Credit unions’ share of the mortgage market rises
Credit unions have always been a popular choice for home loans, but the past year saw even more impressive growth than usual. In a time when home sales were flat overall, according to the National Association of Realtors, and when the number of first-time homebuyers sat at its lowest point in over three decades, more consumers sought mortgages from credit unions than in the past. According to the CU Times, credit unions’ share of first-time mortgages is now four times larger than in 2006.

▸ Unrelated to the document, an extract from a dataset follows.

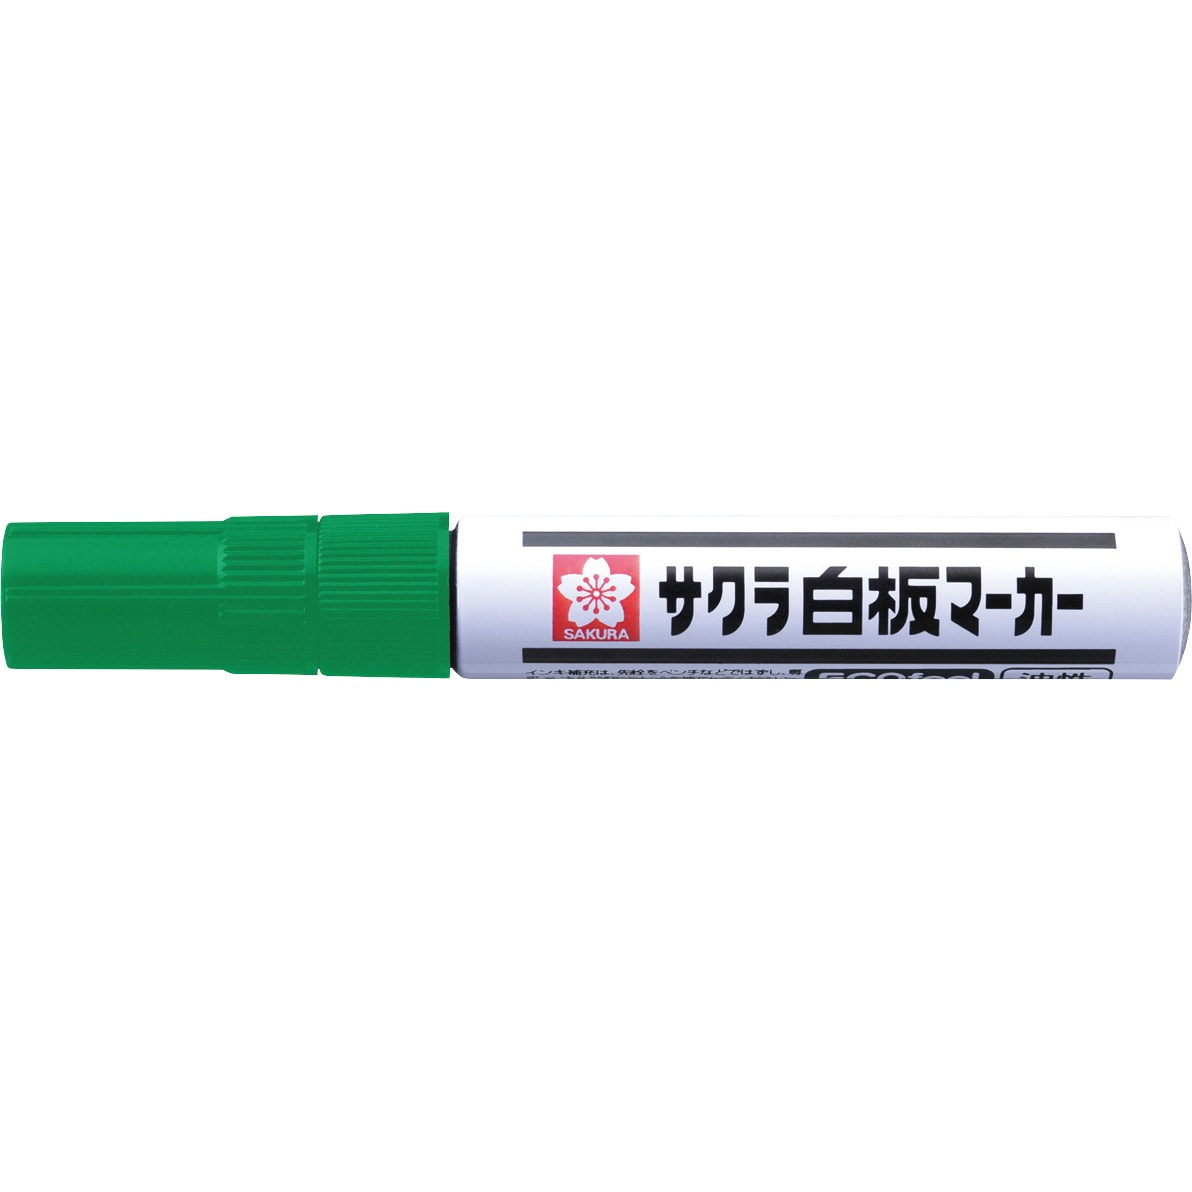 サクラクレパス ホワイトボードマーカー 中字 エコ 緑 10本 WBKE#29(10

That growth demonstrates the value that credit unions can present to borrowers. Unlike large traditional banks that adhere to overly strict lending requirements to limit risk in the aftermath of the financial crisis, credit unions are able to offer loans to less-qualified individuals. This is partially because credit unions can expend the energy to completely research members and become familiar with their financial situation. This allows them to confidently make loans that other organizations would deem too risky.

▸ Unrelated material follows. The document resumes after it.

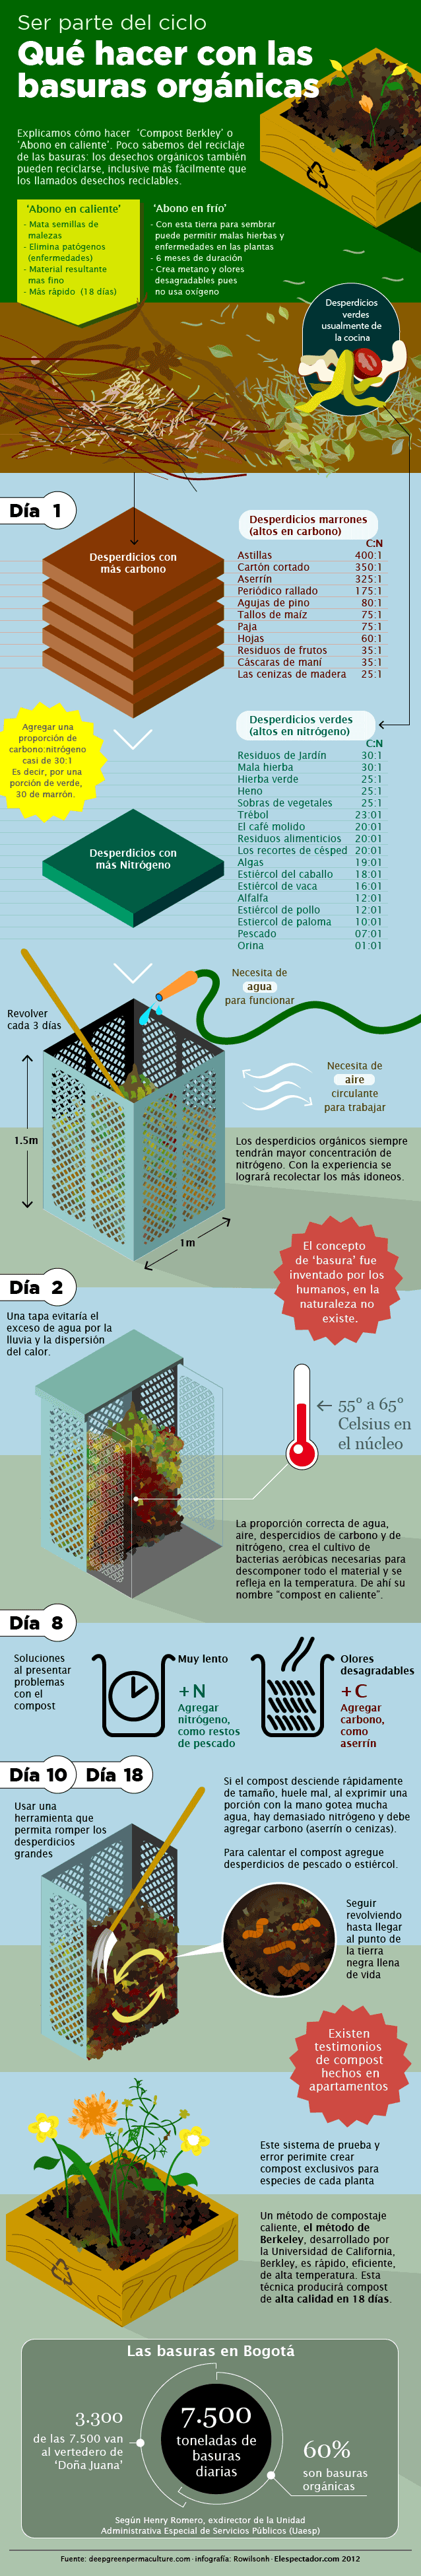 Qué hacer con las basuras orgánicas Infographic

New regulations and the opportunity for refinancing
With new legislation from the Federal Housing Authority that provides lower insurance premiums for FHA-insured loans, many are expecting an increase in the number of first-time borrowers and homeowners. While that is likely to happen, and will probably benefit credit unions who have already demonstrated consistent growth among these demographics, the new legislation also represents an opportunity for credit unions to provide refinancing opportunities to their members who already have mortgages.